Nothing but an exact copy is asked for: the lines in the material below from the one with "Customer has a" through the one with "Kafka intersected with sound waves.", pictures excluded.

Records for processing
⟨

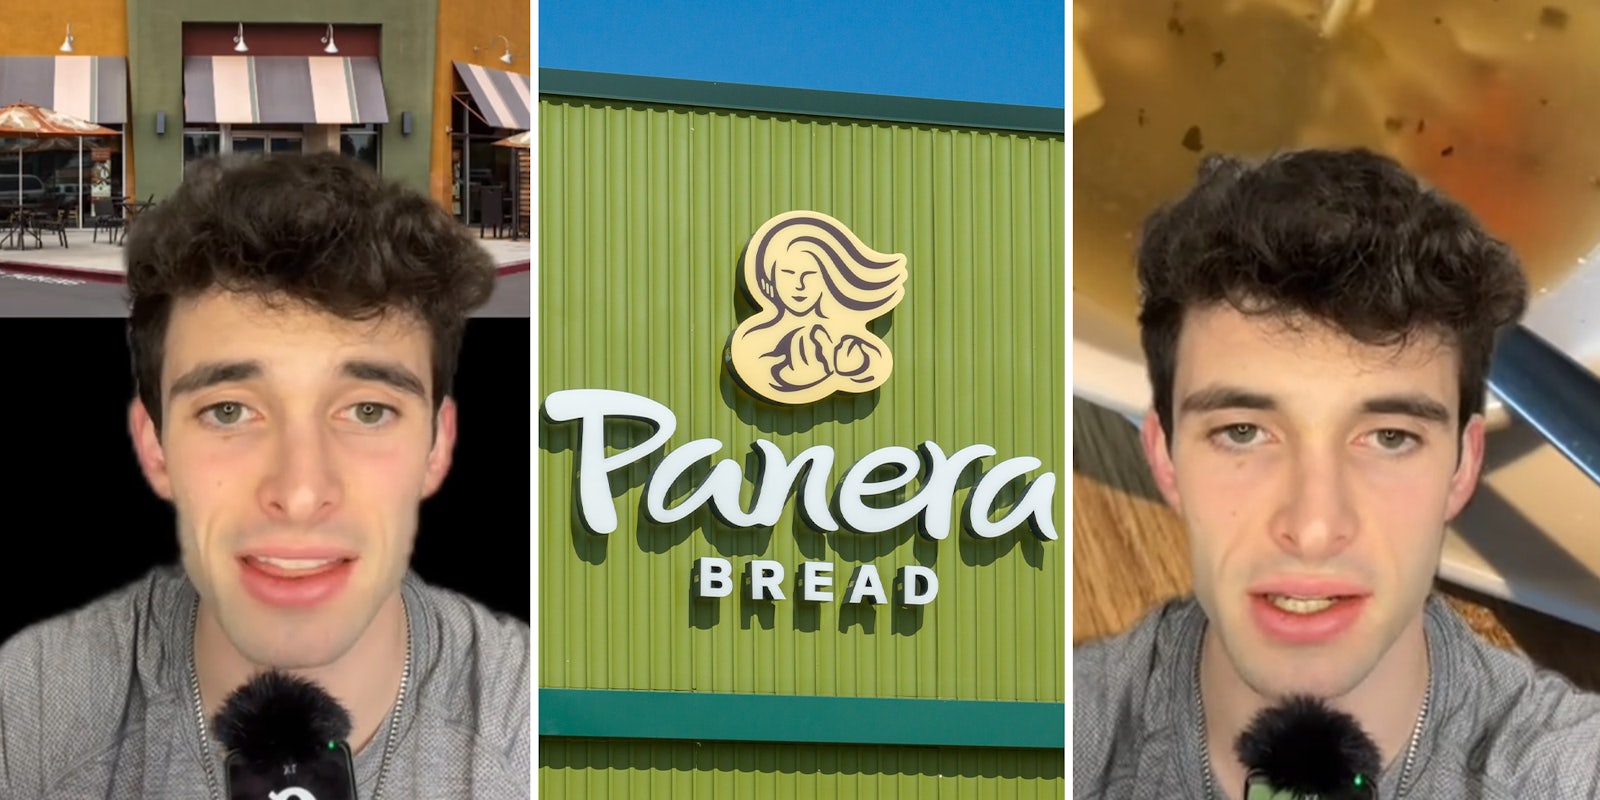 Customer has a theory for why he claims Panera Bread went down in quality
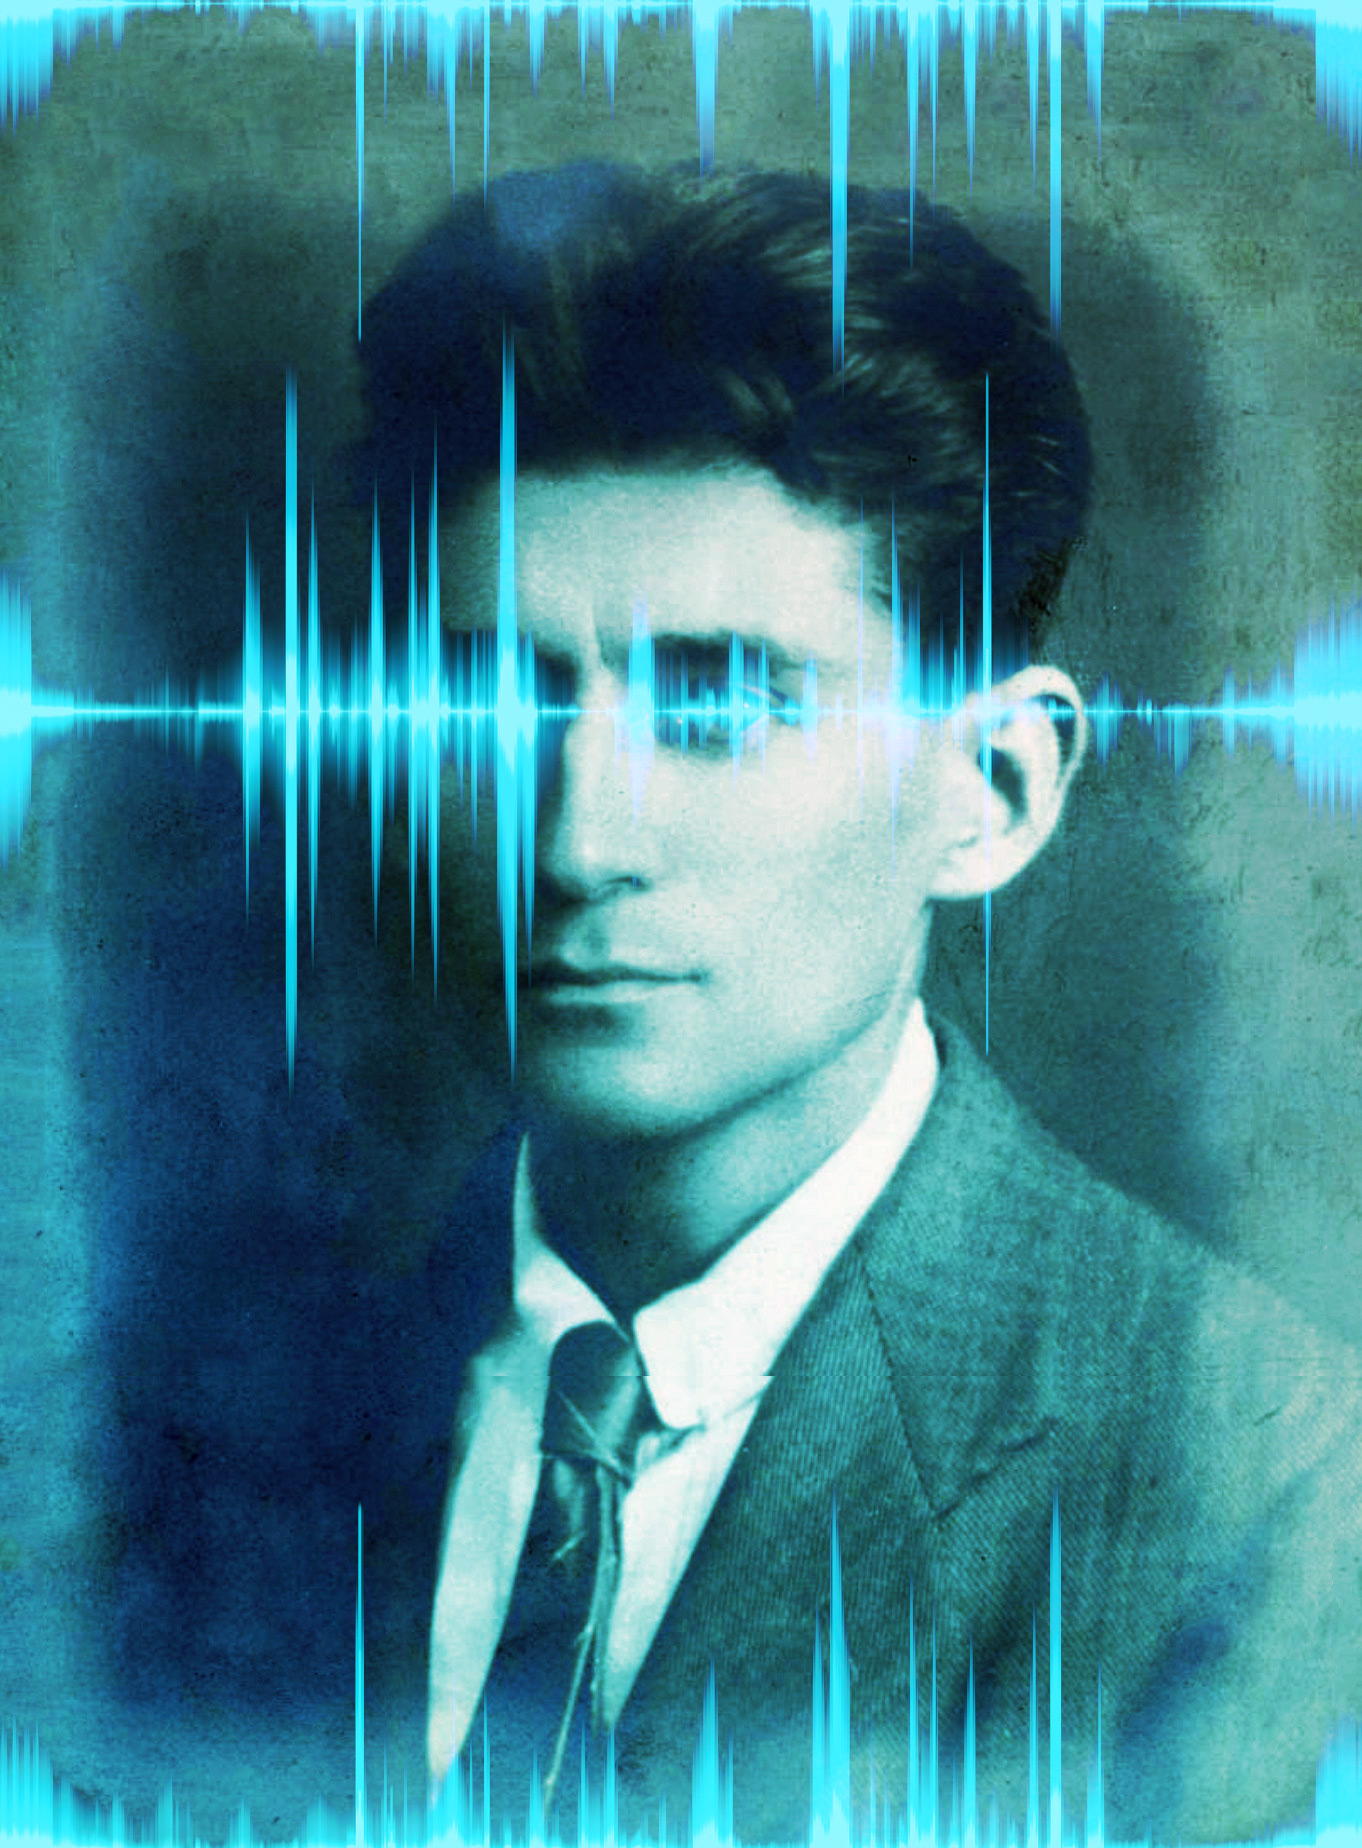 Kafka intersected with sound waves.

⟩
⟨

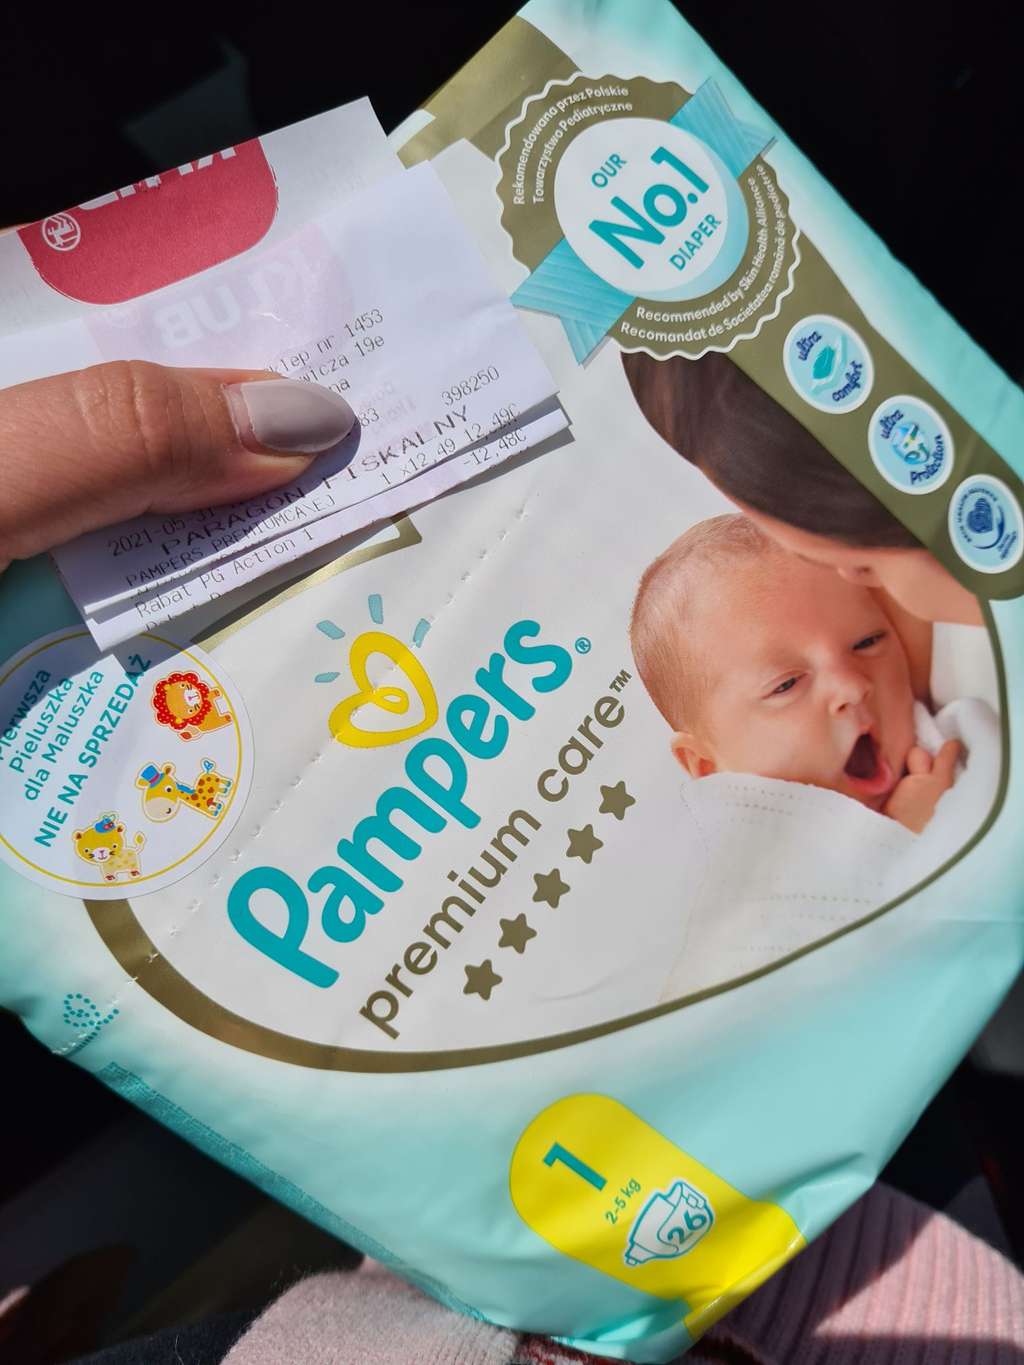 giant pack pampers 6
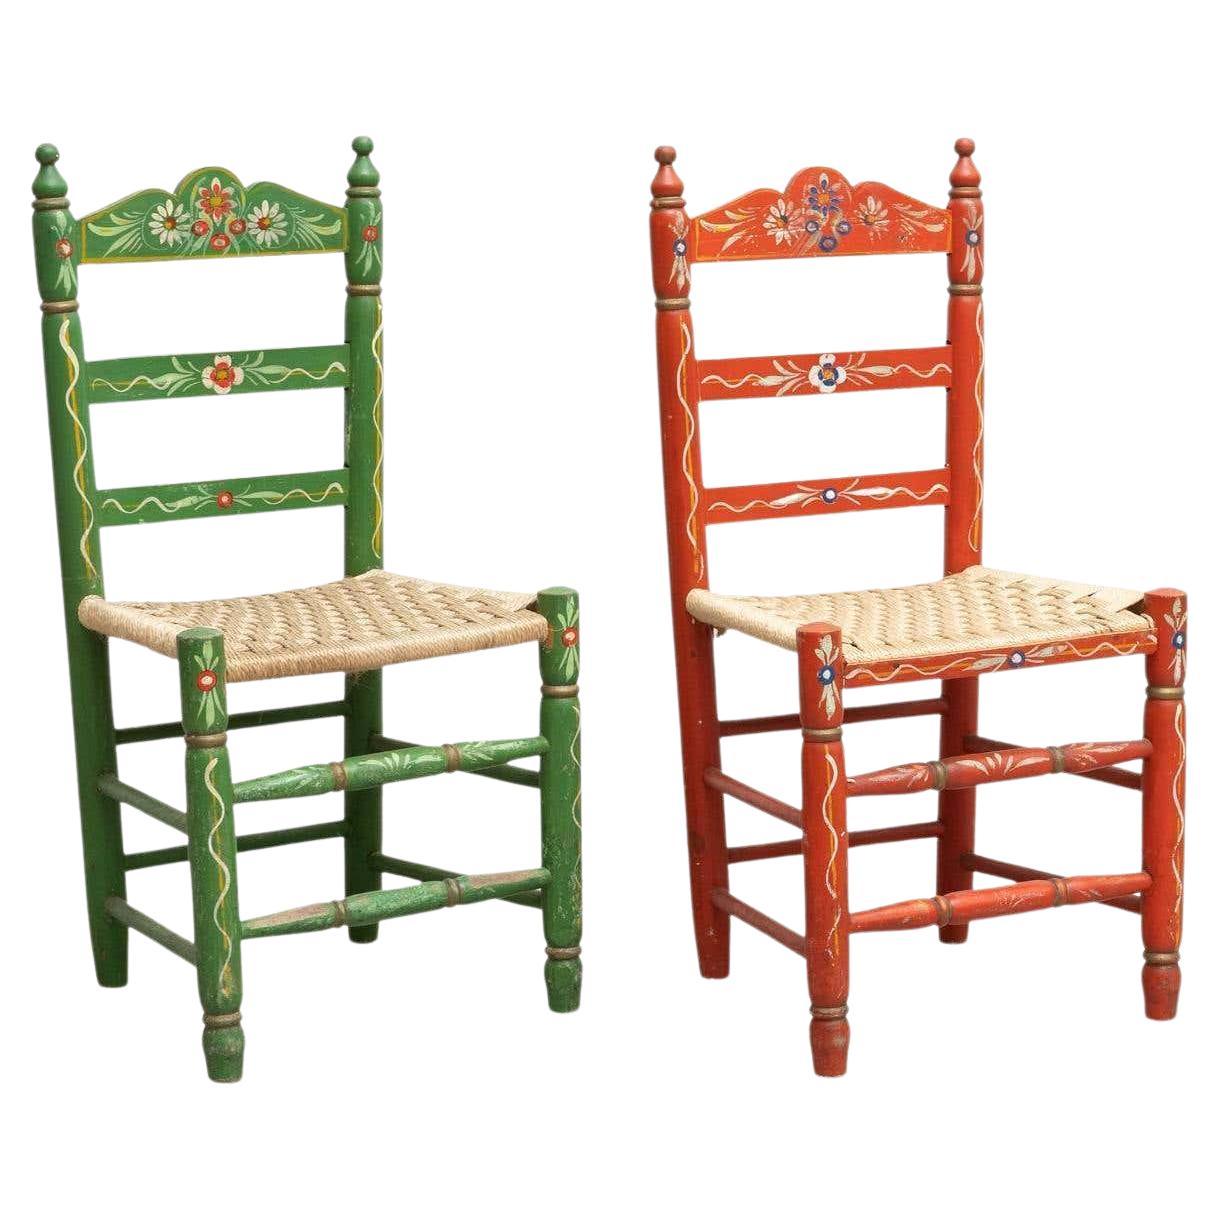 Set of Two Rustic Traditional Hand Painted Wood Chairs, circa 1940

⟩

Solution for this task
 Customer has a theory for why he claims Panera Bread went down in quality
 Kafka intersected with sound waves.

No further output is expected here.